ОНИ ВСЕ БЫЛИ ТАК ЖАЛКИ, РАСТЕРЯНЫ И БЕЗДОМНЫ, ЧТО Я НЕ ВЫДЕРЖАЛА И ПОЗВАЛА МОЮ (А КАК — ОПЯТЬ НЕ СКАЖУ). ОНА УСЛЫШАЛА, МГНОВЕННО ПОЛИЛАСЬ ИЗ ВСЕХ КРАНОВ ДОМА, ПРОРВАЛА ТРУБЫ, ТЕМНЫМ ЗАТХЛЫМ ОЗЕРОМ ВСПУЧИЛАСЬ ИЗ ПОДВАЛОВ.
КОЛОДЕЦ ДВОРА НАПОЛНИЛСЯ ПАРОМ. КАЗАЛОСЬ, ЕЩЕ МИГ — И ДВОР УМЧИТСЯ, КАК ПАРОВОЗ, В ДАЛЕКИЙ СИНИЙ КВАДРАТ НЕБА. НО МОЙ И МОЯ ОКАЗАЛИСЬ ОДНОЙ СИЛЫ, И ДВОР ОСТАЛСЯ НА МЕСТЕ, ОБГОРЕЛЫЙ, ЖУТКИЙ, С КЛИНОВИДНЫМИ ЗАЛИЗАМИ КОПОТИ НА СТЕНАХ, СО ВСПЛЫВШИМИ ВНИЗУ ДРОВАМИ ПОЛЕННИЦ, БЕСПОРЯДОЧНО КИШАЩИМИ И ТОЛКАЮЩИМИ ВСЕХ В КОЛЕНИ.

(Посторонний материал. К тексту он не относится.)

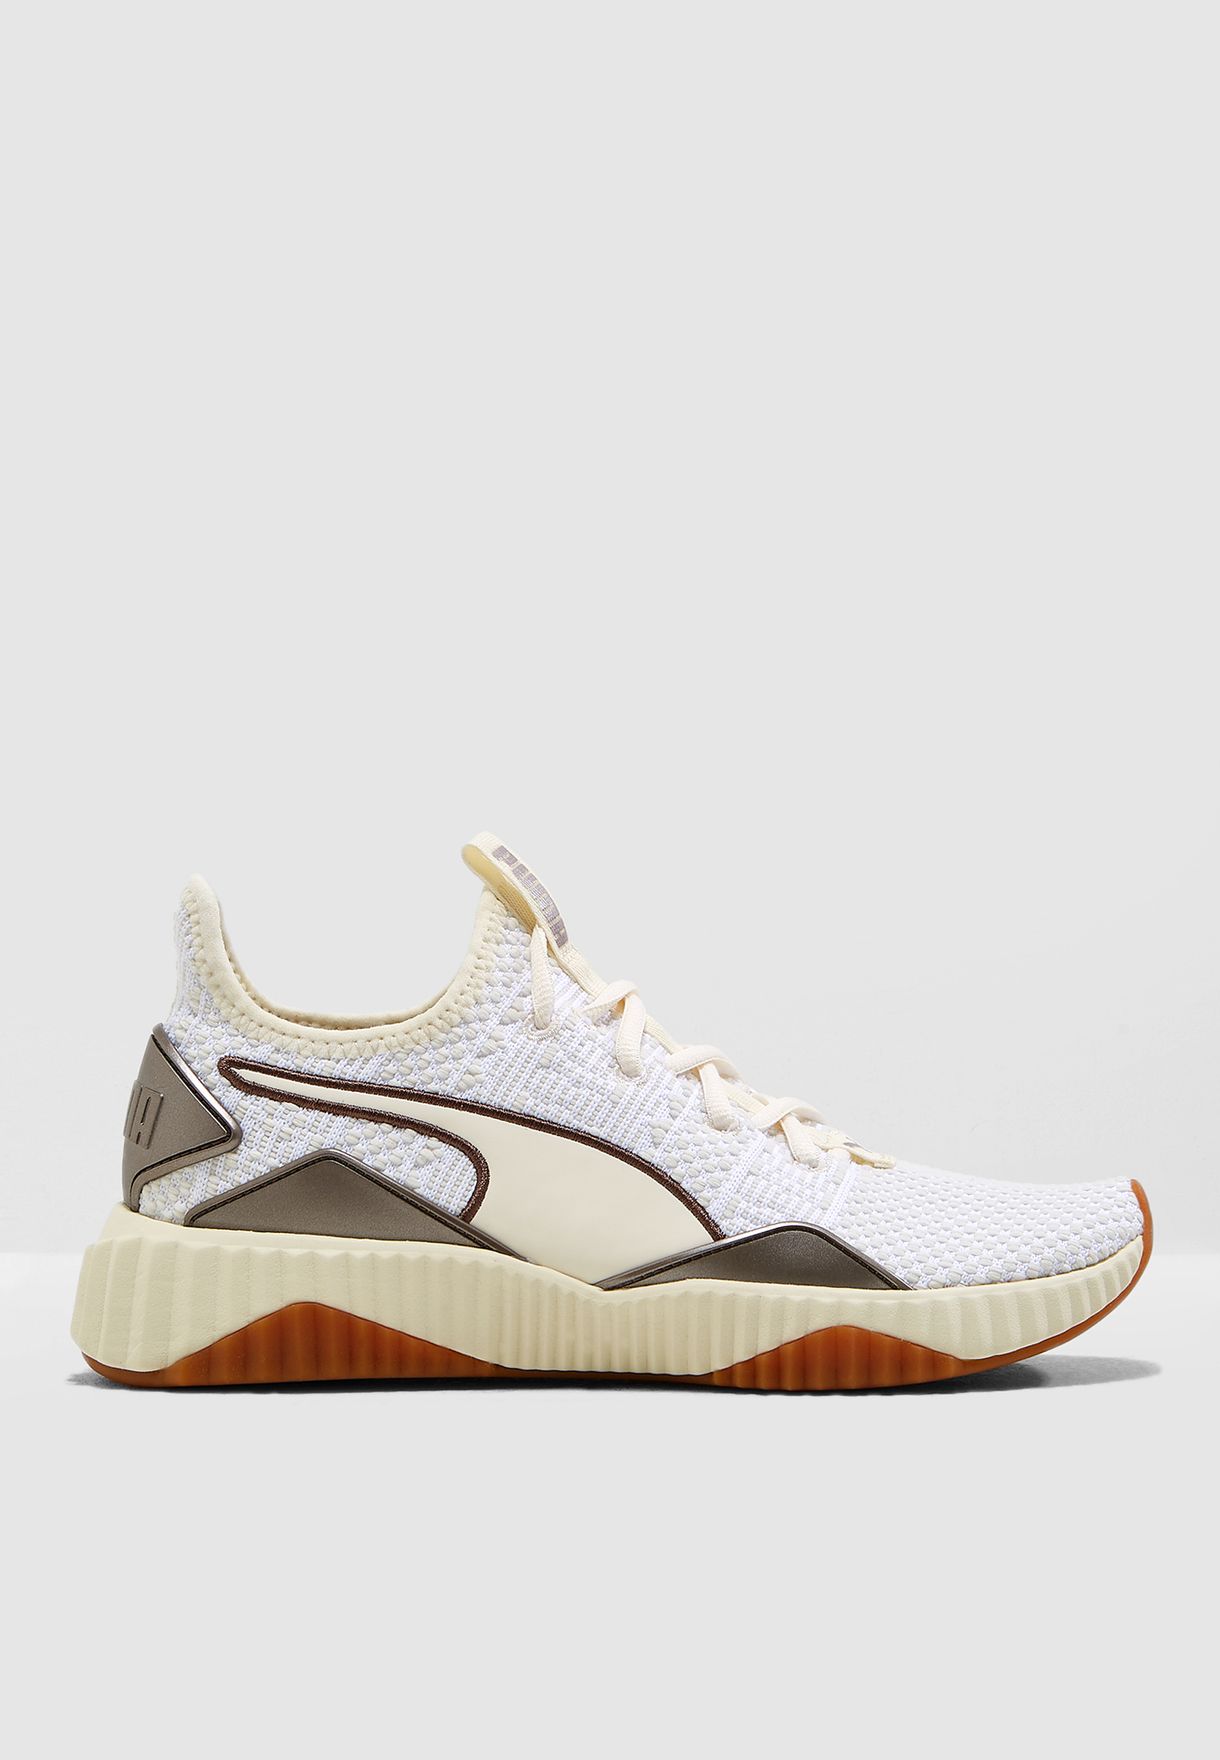 women's puma defy luxe casual shoes

ВСЕ БЫЛО КОНЧЕНО. У МЕНЯ НЕ СТАЛО ЭТОГО ДОМА, У ЭТОГО ДОМА НЕ СТАЛО МЕНЯ. ГДЕ ТЕПЕРЬ НОЧЕВАТЬ?
— Обло-ом! Иди винегрету поешь! — раздалось в столовой.

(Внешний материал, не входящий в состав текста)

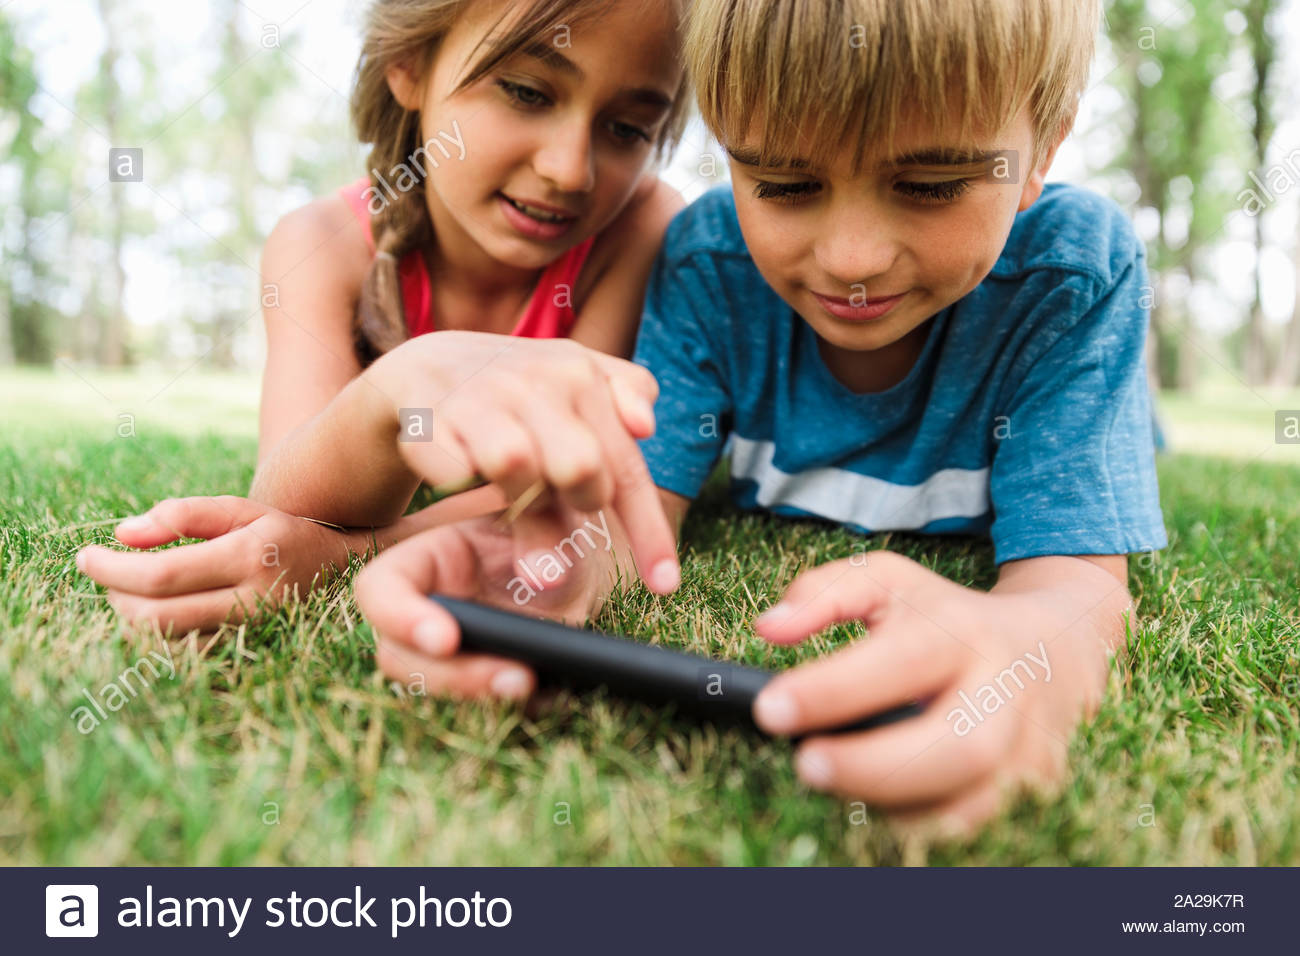 Boy and girl lying on grass using smartphone Stock Photo

— Чем, интересно, эта там занялась?
Я с усилием оторвала взгляд от печного устья. Все в спальне имело привычный вид, непоколебимо стояло на месте. Я встала, подошла к столу и разорвала письмо к МОЕМУ и МОЕЙ. На том меня и застукала тетя Люба, всунувшись в дверь.
— Поэтесничайт, кажется. Разрывайт неудачный черновик. Муки творчества. Иди, Никуля, бабушка беснуйтся.
— Я сейчас, только трубу закрою. Печка прогорела.
— Какая предупредительность! Вот вам ее двуличие. С нами — агрессивное, если говорить в открытую, чудовище, при посторонних — чистая конфетка, — донесся до меня материн голос.
Теперь требовалось доказывать, что я и вправду закрываю трубу. Печь в самом деле дошла до нужного состояния: в ней потемнели, припудрились серой золой недавно кровавые угли; лишь кое-где, перебегая, набухали лиловые сгустки засыпающего МОЕГО, похожие на сытые, упоенные летней МОЕЙ бобы люпина. Я вдруг зачуяла свежий, сумрачный, фасольный люпинный запах, перекрывающий паленый дух печки, — дуновение о г л я д к и, часто меня посещавшей.
…Июнь 1950 года. Я в лагере на Оредежи. Путевку мне выхлопотал отец от своего комбината, где больше уже не работает, но, как бывший начальник ФЗУ и инвалид, пользуется кое-какими льготами. Лагерей я не терплю, да «нам теперь не по бюджету снимать для тебядачи».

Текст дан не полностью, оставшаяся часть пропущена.